Petitioner had further opportunities to submit evidence relevant to his underlying tax liabilities before or during the CDP hearing on November 21, 2017. The SO notified him of that hearing by letter sent to his Winthrop House address--the same address he used when submitting his CDP hearing request and filing his petition with this Court. He declined to participate in that hearing or otherwise communicate with the SO.
After petitioner failed to call in for the CDP hearing, the SO sent him a "last chance" letter affording him an additional two weeks to provide any information he wished her to consider. Again he submitted nothing.

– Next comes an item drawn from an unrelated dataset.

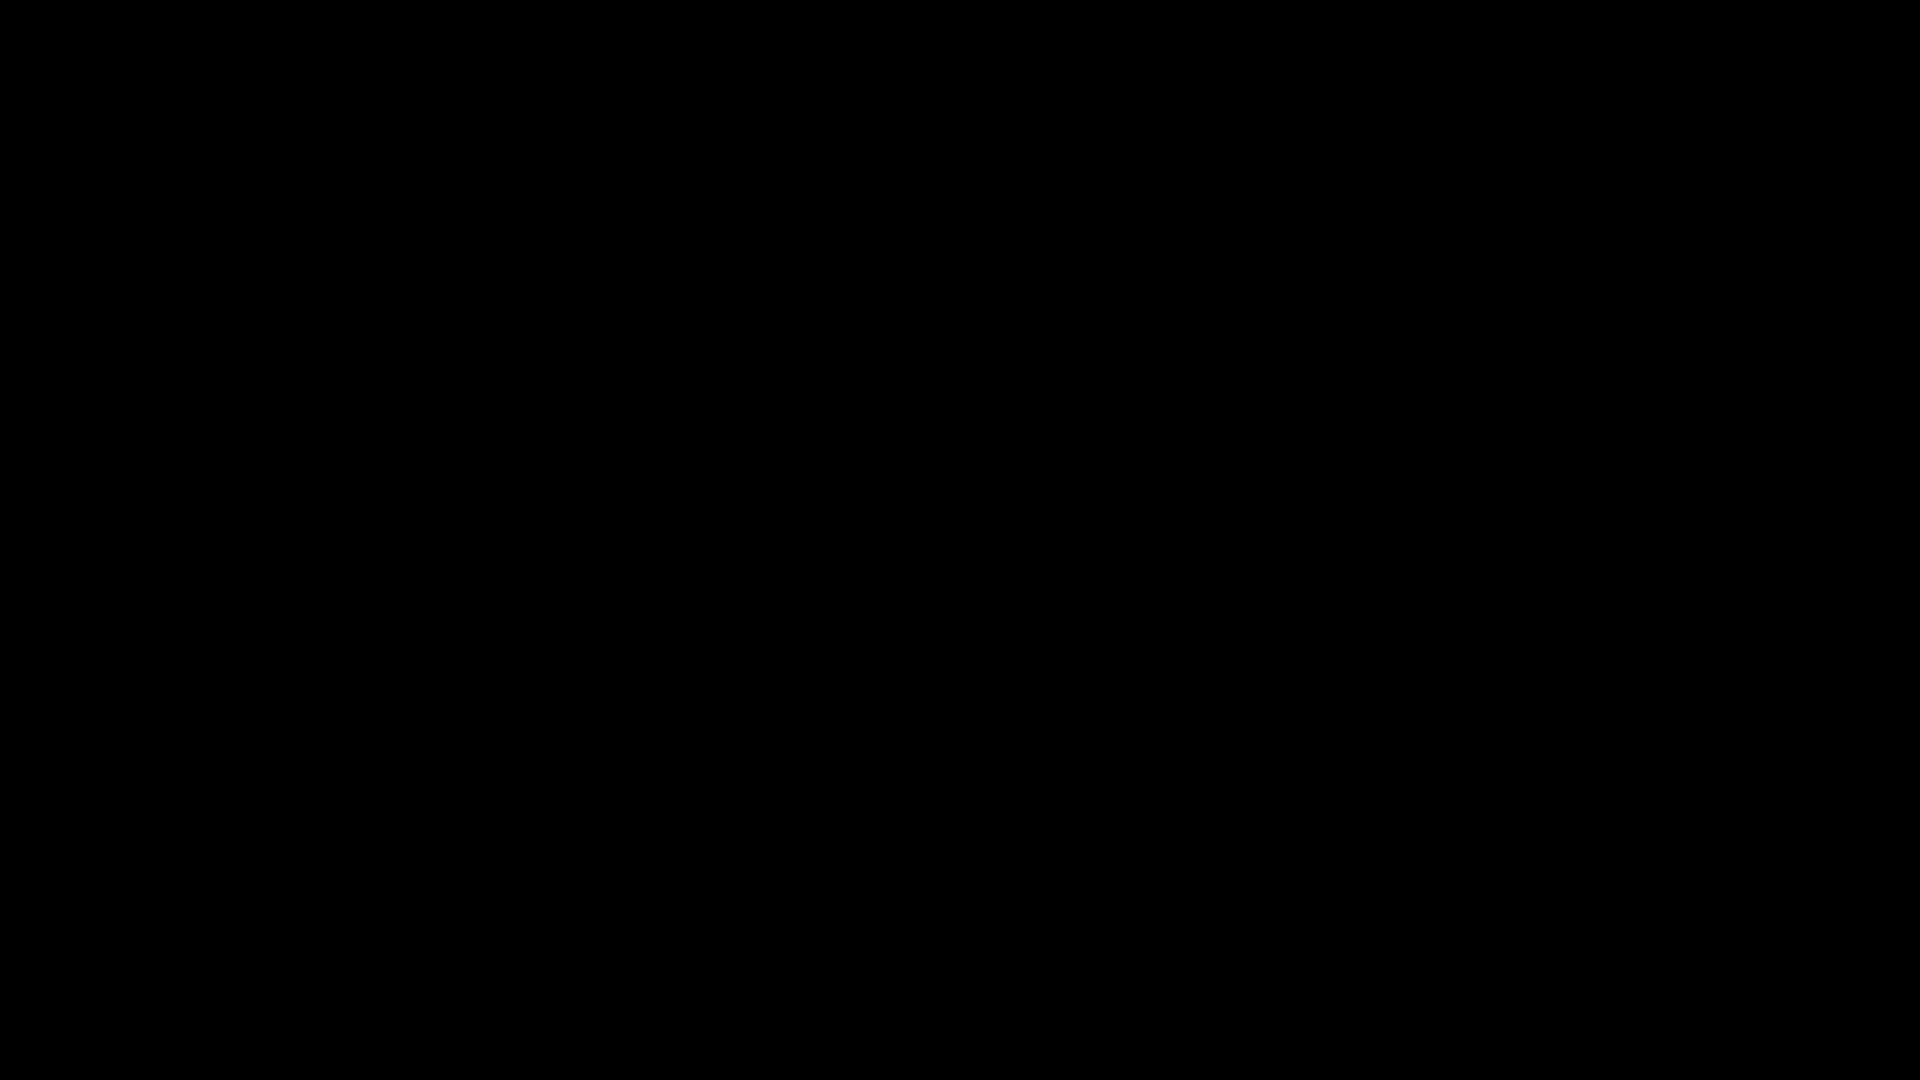 pinkfloydC4d3DText1080pV1 copy by f0xy0k

Because he supplied no evidence relevant to his underlying tax liabilities despite being given multiple opportunities to do so, he did not advance a proper challenge to those liabilities at the Appeals Office. He is thus precluded from advancing that challenge in this Court. See Thompson, 140 T.C. at 178; Giamelli, 129 T.C. at 114; sec. 301.6330-1(f)(2), Q&A-F3, Proced. & Admin. Regs. We accordingly review the SO's action for abuse of discretion only. Goza, 114 T.C. at 182. D. Abuse of Discretion
The SFR for 2013, based as it was on third-party reporting, may have included in petitioner's taxable income for 2013 the gross proceeds he received from sale of his residence. If so, petitioner could have supplied the SO with evidence that might have reduced his tax liability for 2013, e.g., by establishing his "cost or adjusted basis" in that property. See sec. 1012. But petitioner simply refused to participate in the process and supplied no evidentiary material of any sort. As the faculty director of the Harvard Trial Advocacy Workshop, petitioner presumably appreciated that a failure to submit evidence may have adverse consequences. One of those consequences here is that he is foreclosed from disputing his underlying tax liability for 2013 in this Court. --------
In deciding whether the SO abused her discretion in sustaining the proposed levy we consider whether she: (1) properly verified that the requirements of applicable law or administrative procedure had been met, (2) considered any relevant issues petitioner raised, and (3) considered "whether any proposed collection action balance[d] the need for the efficient collection of taxes with the legitimate concern of * * * [petitioner] that any collection action be no more intrusive than necessary." See sec. 6330(c)(3). Our review of the record establishes that the SO properly discharged all of her responsibilities under section 6330(c).
Petitioner asserts that he had "[n]o notice of Appeals hearing or pre-hearing meetings," but he adduces no factual support for that assertion. When requesting the CDP hearing, he listed as his address the Winthrop House address. That remained his address throughout the period of Appeals Office consideration, because he listed the Winthrop House address as his address when petitioning this Court. The SO mailed the letter scheduling the CDP hearing to his Winthrop House address. And she sent two other requests for information to him at that address. There is no indication in the administrative record that any of these letters was returned to the IRS as undeliverable.
Petitioner raised no other relevant issues. He submitted no offer of a collection alternative and supplied no financial information requisite to consideration of a collection alternative. He was not in compliance with his ongoing tax filing obligations, and the SO could properly have rejected any proposed collection alterna- tive on that ground alone. See Hull v. Commissioner, T.C. Memo. 2015-86, 109 T.C.M. (CCH) 1438, 1441.
Finding no abuse of discretion in any respect, we will grant summary judgment for respondent and sustain the proposed collection action. We note that petitioner is free to submit to the IRS at any time, for its consideration and possible acceptance, a collection alternative in the form of an offer-in-compromise or an installment agreement, supported by the necessary financial information.
To reflect the foregoing,
An appropriate order and decision will be entered for respondent.